Polemic without plausibility
HISTORY:Tim Pat Coogan believes that Irish historians have obscured the truth about a British famine plot against the Irish in the 1840s, but his account is far less convincing than that of his main source
The Famine Plot: England’s Role in Ireland’s Greatest Tragedy, by Tim Pat Coogan, Palgrave Macmillan, 276pp, £17.99
John Mitchel’s charge of British culpability for Ireland’s Great Famine – that “the Almighty, indeed, sent the potato blight, but the English created the famine” – has had a long history. First made in Mitchel’s The Last Conquest of Ireland (Perhaps) in the 1860s, it influenced the collective memory of the catastrophe held by generations of Irish, both at home and in the diaspora. Mitchel’s unequivocal accusation is now, Tim Pat Coogan laments, out of favour both in Irish official discourse and in Famine historiography.
However, it is still very much alive elsewhere – as witnessed, for example, by a recent mural on Belfast’s Springfield Road depicting the forced export of Irish foodstuffs by Britain’s armed forces in the 1840s, in the text of New Jersey’s state high-school Famine curriculum, and in the agenda of a forthcoming Irish Famine Tribunal at Fordham University in New York.
Like many neo-Mitchelites, Coogan discerns a conspiracy of silence on the part of Irish historians to deny the truth of England’s genocidal responsibility for what happened in Ireland between 1845 and 1850. The purpose of his book is therefore a campaigning one, to reveal the true lineaments of the “famine plot” obscured by historians suffering from the “colonial cringe” and to vindicate John Mitchel.
Mitchel’s book was less a history of the Famine than a polemic – drawing on snippets of collected evidence, it is true, but intended as an accusatory vehicle for its author’s intense commitment to redressing the sufferings of Ireland in the later 1840s. Coogan’s book is similarly suffused with anger.
Lacking Mitchel’s personal experience of famine, he draws liberally on the numerous accounts of human agony, ruthless exploitation and official indifference that have survived to our times.
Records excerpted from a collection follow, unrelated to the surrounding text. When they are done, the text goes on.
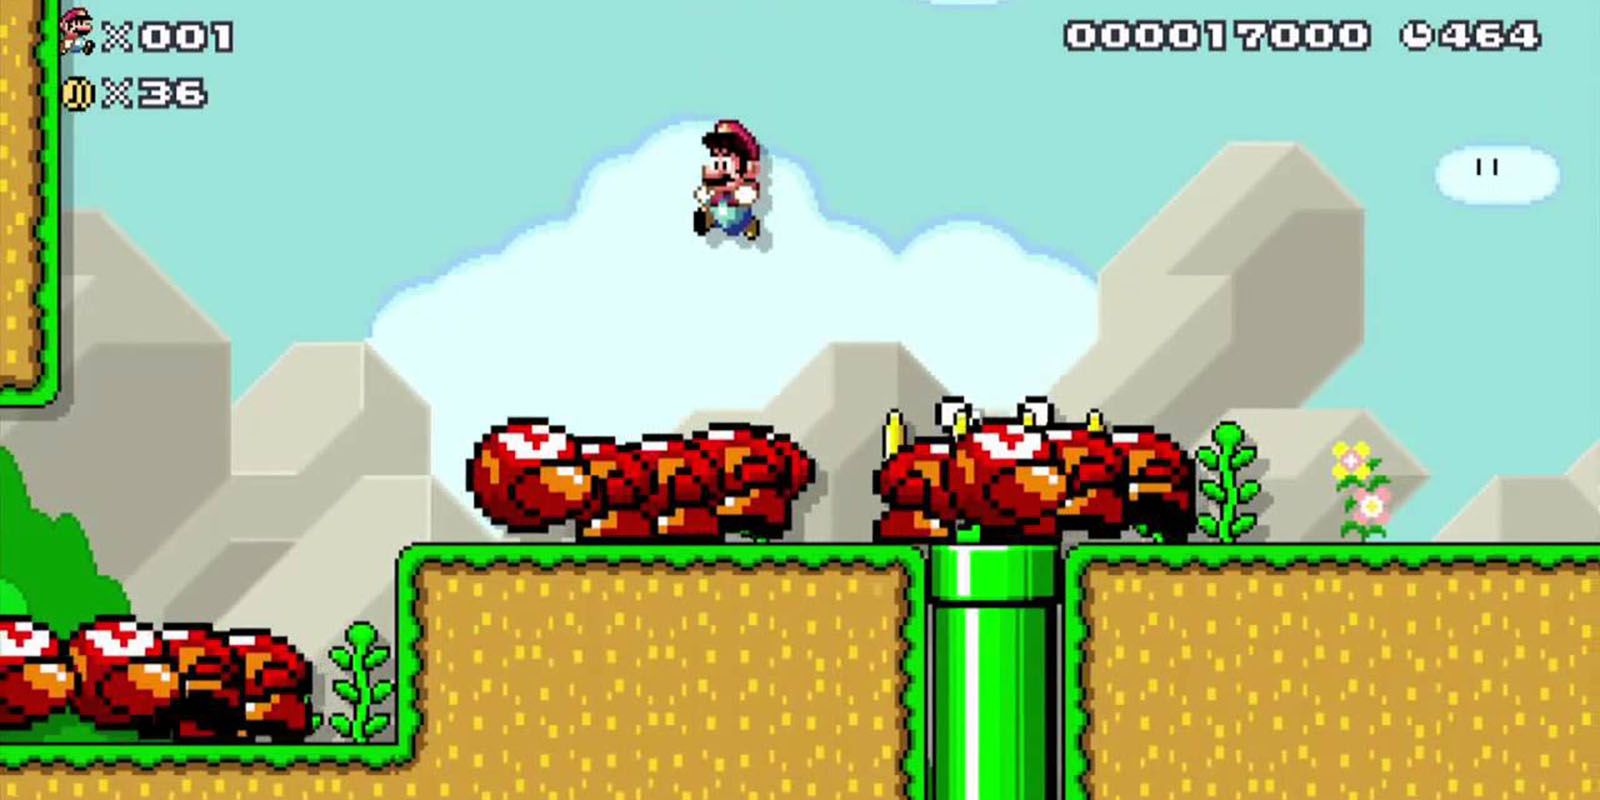 Mario jumping on top of an Angry Wiggler in Super Mario Maker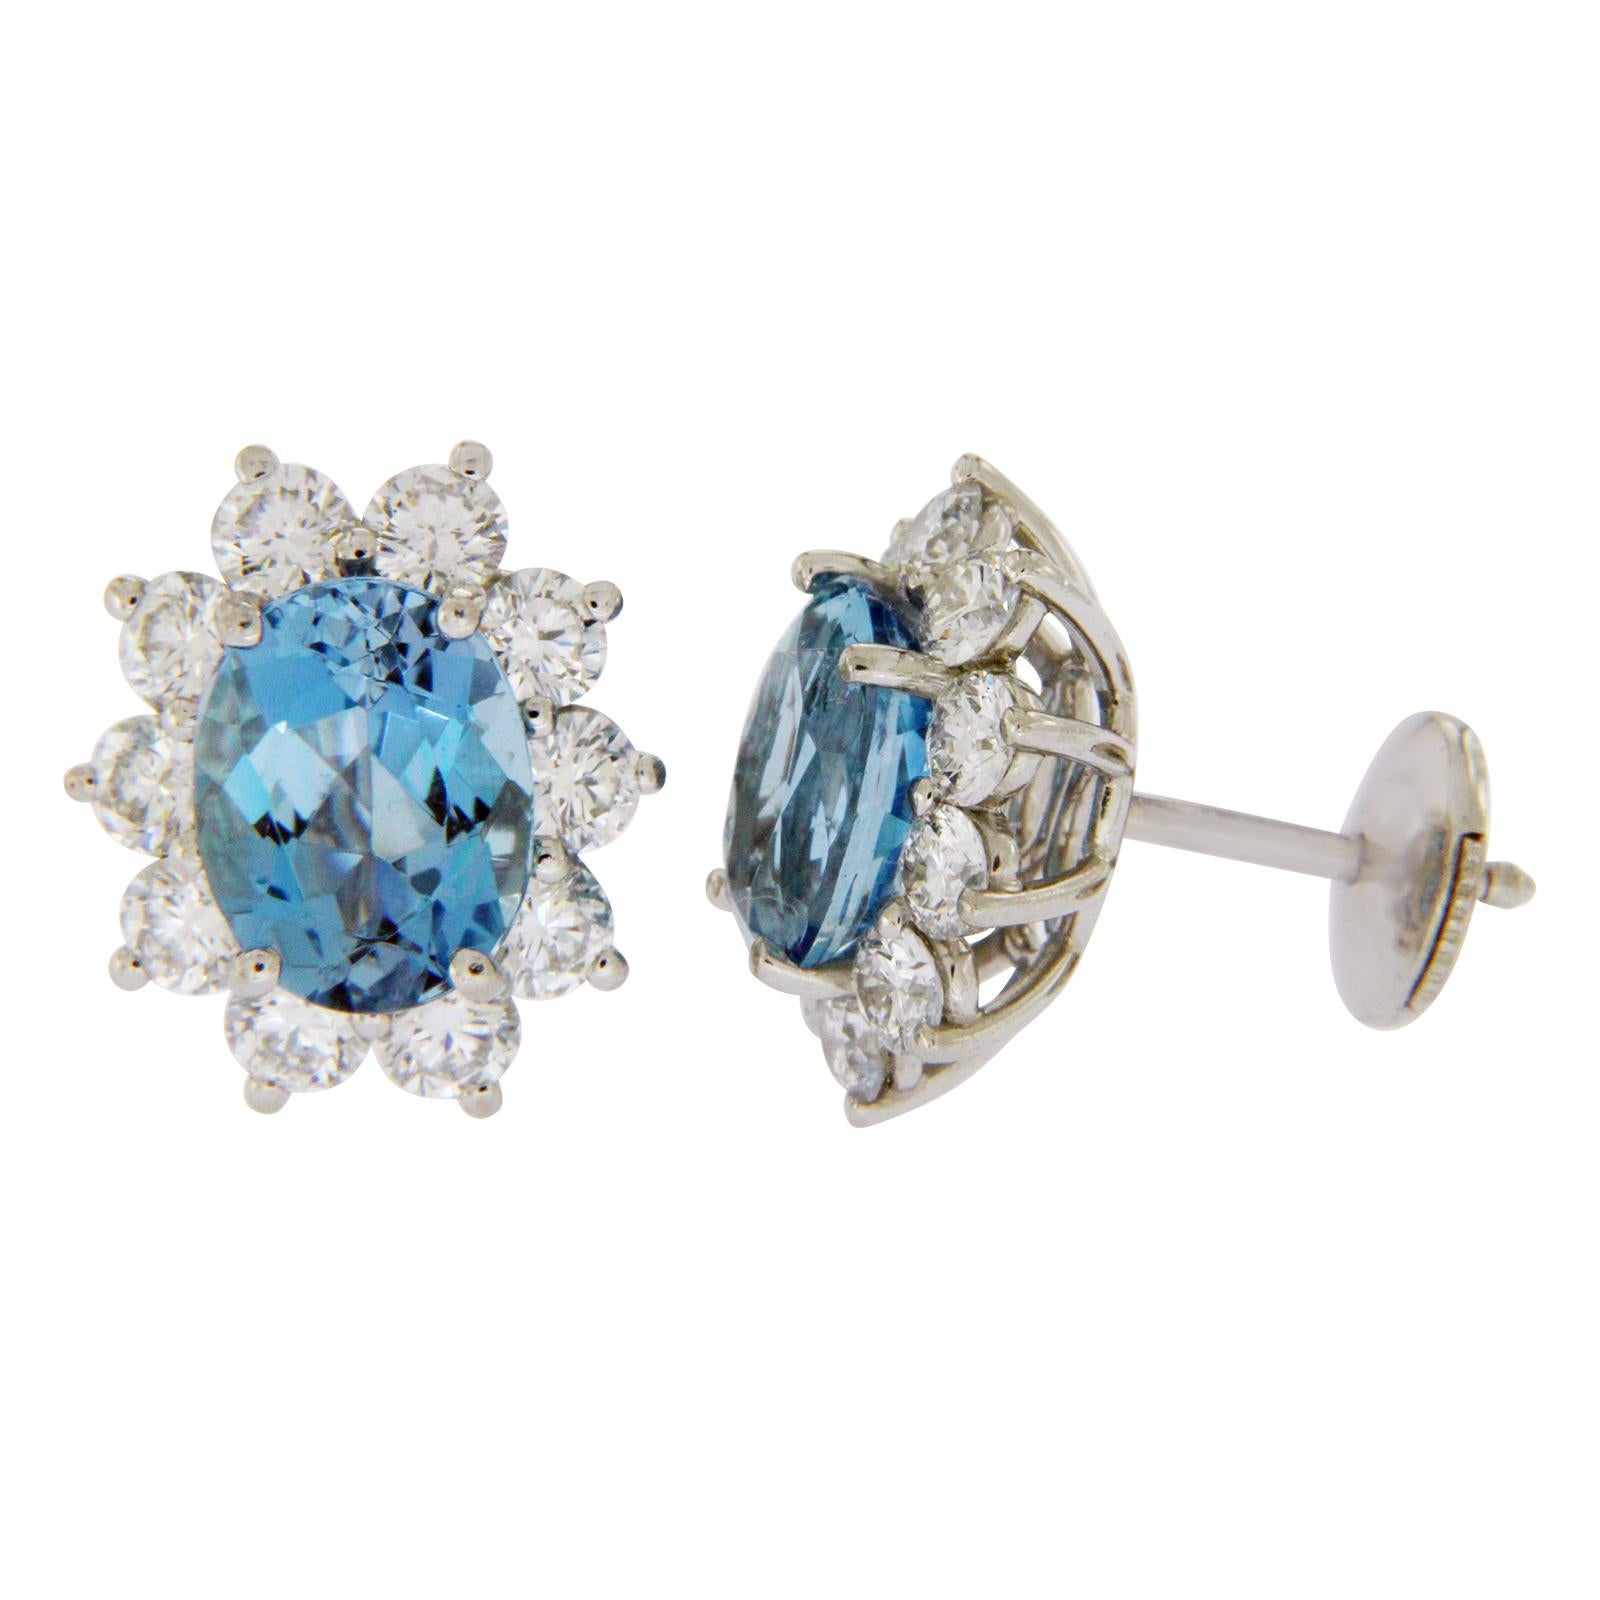 Type: Earrings
Height: 14 mm
Width: 12.5 mm
Metal: Platinum
Metal Purity: 950
Hallmarks: T and Co 950
Total Weight: 6.8 Grams
Stone Type: Aquamarines and Diamonds
Condition: Pre Owned
Stock Number: BO3

Unlike Ireland’s other great but largely forgotten historical famines, such as those of the 1310s or 1740s, the human consequences of the events of the 1840s continue to be brought home directly to us through sources generated by such modern phenomena as the mass-circulation newspaper, the charitable pamphlet and the records of an increasingly bureaucratic State, as well as through the less formal conduits of folklore, popular tradition and creative literature. The author makes effective use of extracts from these sources to convey a sense of the sheer scale and intensity of the horror, and makes no effort to obscure his emotive response to them.